A ello se suma el mantenimiento de las ya históricamente bajas tasas de interés por la crítica situación que se profundiza en las economías de los países desarrollados. Paralelamente, el diferencial con tendencia alcista de las divisas en las naciones emergentes para contener la inflación atrae capitales especulativos.

Las inversiones en los fondos de bonos de mercados emergentes han subido casi 40 mil millones de dólares este año, frente a menos de 700 millones en los primeros nueves meses de 2009, según el proveedor de datos EPFR.

Estados Unidos (causante de esta guerra), se había mantenido en silencio, pero presionado por la prensa, el Secretario del Tesoro, Timoty Geithner, declaró que no había riesgo de una guerra cambiaria.

Para desviar la atención de las consecuencias que traerá el efecto dólar, Geeithner tuvo la desfachatez de acusar con cinismo a China de provocar la afluencia de capitales hacia los países emergentes y elevar el valor de sus monedas, “por tener el yuan depreciado”.

Japón, que no es emergente, ya reaccionó interviniendo fuertemente en el mercado y advirtiendo que continuará haciéndolo si es necesario, con el dólar rondando mínimos de 15 años frente al yen. Comienzan a notarse los primeros “efectos colaterales”.
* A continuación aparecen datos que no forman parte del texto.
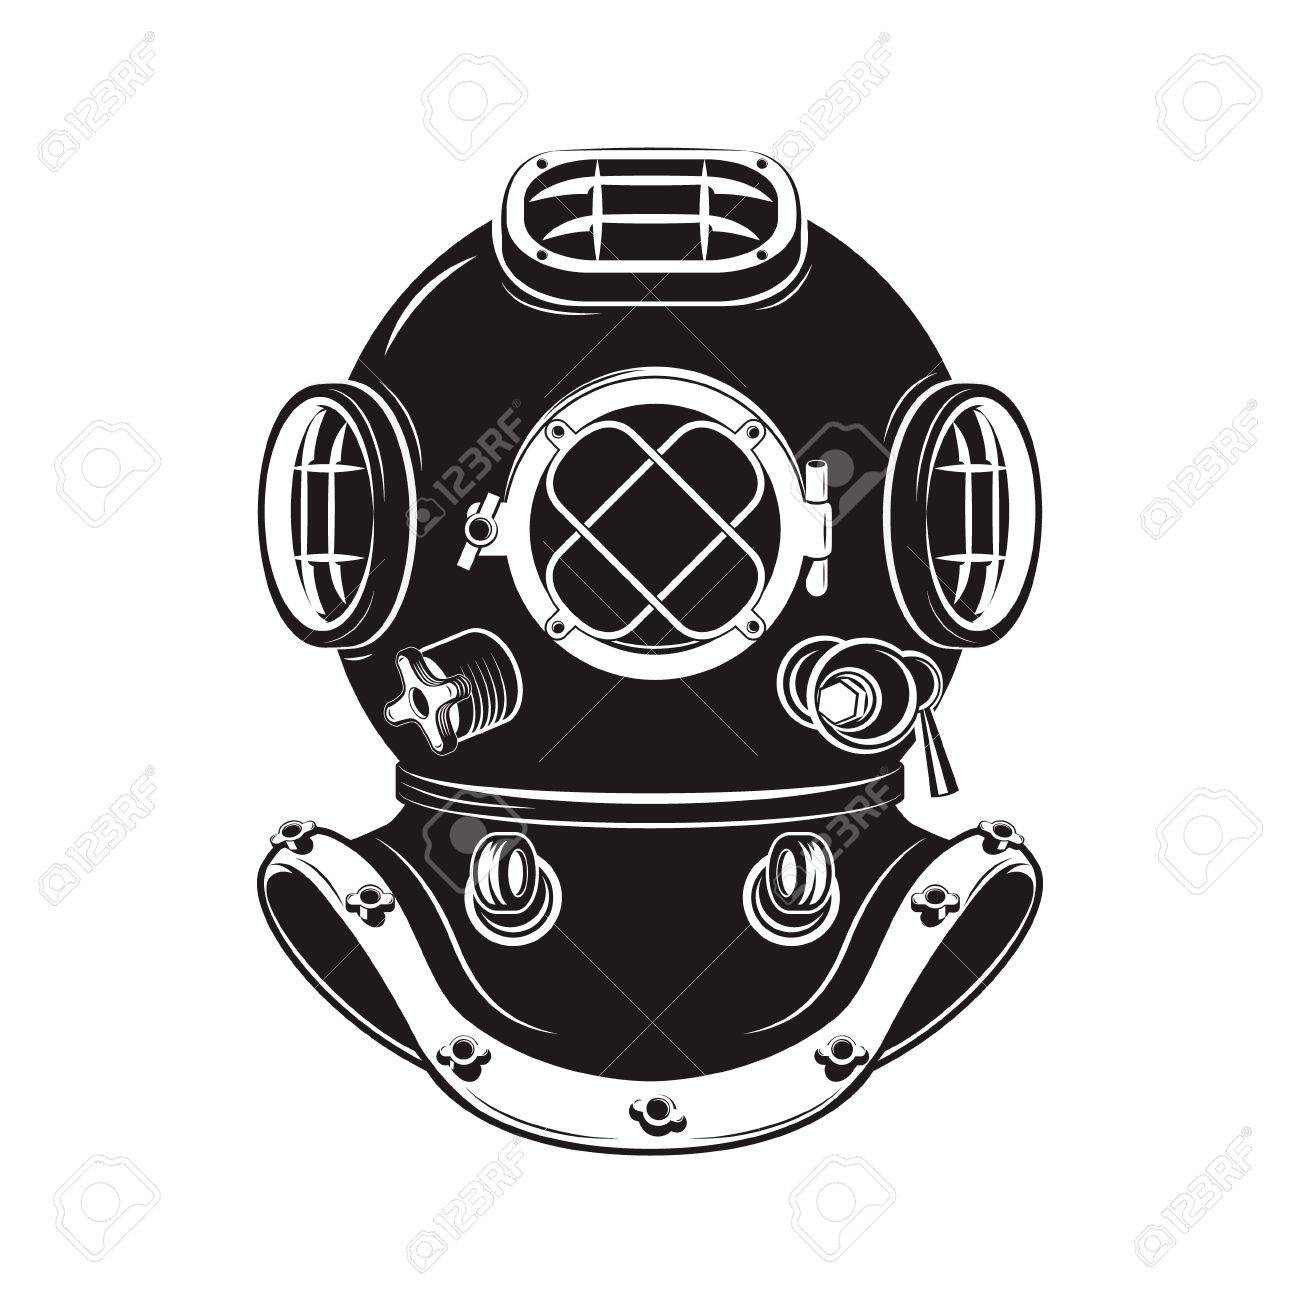 Old style diver helmet isolated on white background. Design element for t-shirt print, poster, emblem. Vector illustration. - 59976797

El fabricante automovilístico y líder mundial Toyota, estudia suspender sus exportaciones del modelo Corolla y trasladar la producción al extranjero a partir del 2013, para contrarrestar el alza del yen.

Alemania declaró que el dólar está artificialmente devaluado, “con la extrema liquidez que se está bombeando al mercado….y eso también provoca que…… no tenga su valor real”.

El euro se encuentra en sus valores máximos en ocho meses y se cambia a unos 1,40 dólares, tras una fuerte apreciación.

El presidente del Banco Central Europeo (BCE), Jean-Claude Trinchet, declaró que “a Estados Unidos le conviene un dólar fuerte” y que “los tipos de cambio deben reflejar los fundamentos económicos”. Pero el dólar no puede ser una divisa fuerte porque sus fundamentos económicos tienen el mayor deterioro de su historia.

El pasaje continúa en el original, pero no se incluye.